New book: The Lives of Margaret Fuller, by John Matteson ’83 (W.W. Norton)
The author: An English professor at John Jay College of Criminal Justice of the City University of New York, John Matteson won the 2008 Pulitzer Prize in biography for Eden’s Outcasts: The Story of Louisa May Alcott and Her Father. He also is the deputy director of the Leon Levy Center for Biography in New York City.
The book: In this biography of the controversial Margaret Fuller (1810-1850), Matteson traces her short but complex life and explores her legacy. The leading female of the transcendental movement, Fuller was editor of the United State’s first avant-garde literary magazine, a literary and social critic, the first regular foreign correspondent for an American newspaper, and the author of a major feminist book, Woman in the Nineteenth Century, which became a bestseller. Eventually she met an uneducated Italian nobleman when she was in Rome. At age 40, Fuller, her husband, and their son died in a shipwreck on their return to America.
From the book: “A person of such ambition almost always encounters great resistance, and to achieve her self-creation, Fuller paid a tremendous price in pain, in poverty, and in ridicule. She also met with resistance in the form of self-doubt; in the limitations of a body that could not always support the incessant activity of her mind; and in the stubbornness of a world that reacted to contain and counterbalance any force that violated its rule of mediocrity. Such a person is always a work in progress, always restless, never final.”
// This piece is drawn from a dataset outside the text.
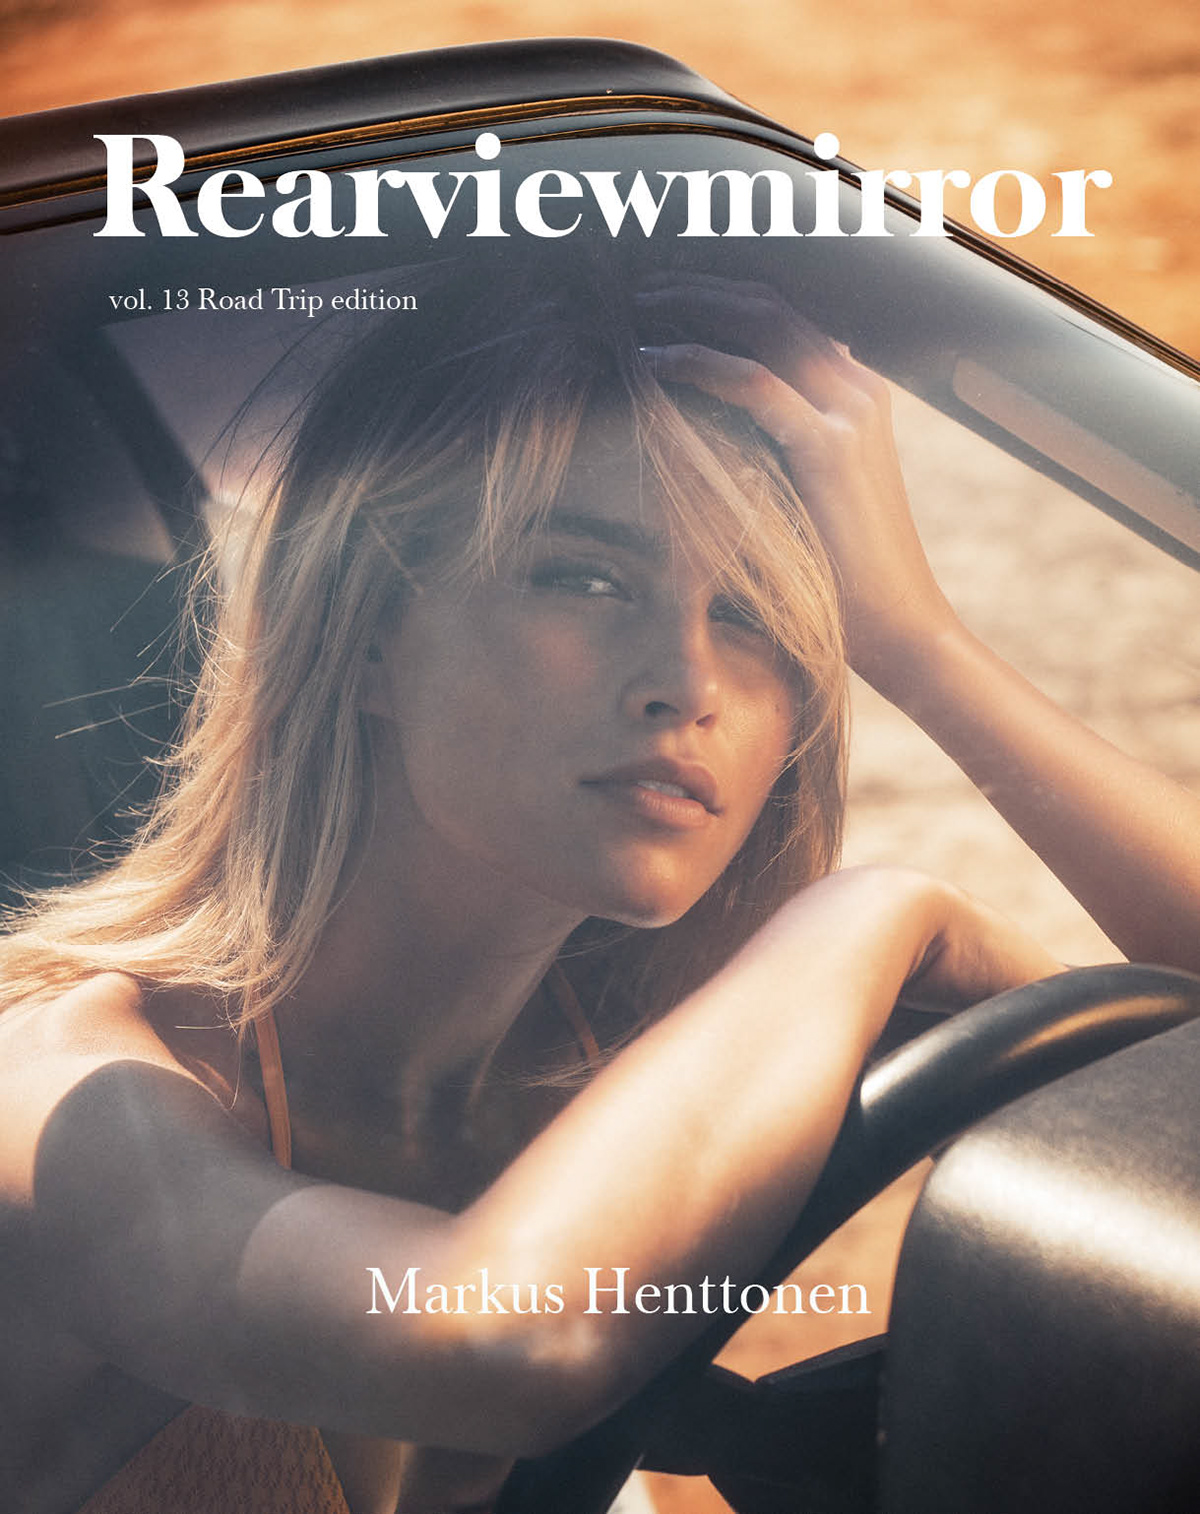 Rearviewmirror vol. 13, Markus Henttonen portfolio, Olivia Aarnio portrait

Review: Library Journal called the biography a “great read.” It “draws a fairly complete picture of her environment and time” and makes “the subject come to life. Through Matteson’s easy narrative style and presentation of Fuller ‘as a series of identities,’ readers can begin to understand her drive and her flaws.” A critic for The Boston Globe, wrote, “Matteson’s portrait of Fuller, given depth and sheen by a treasure trove of letters, is unfailingly intelligent, nuanced, and intriguing, a story of tragic might-have-beens.”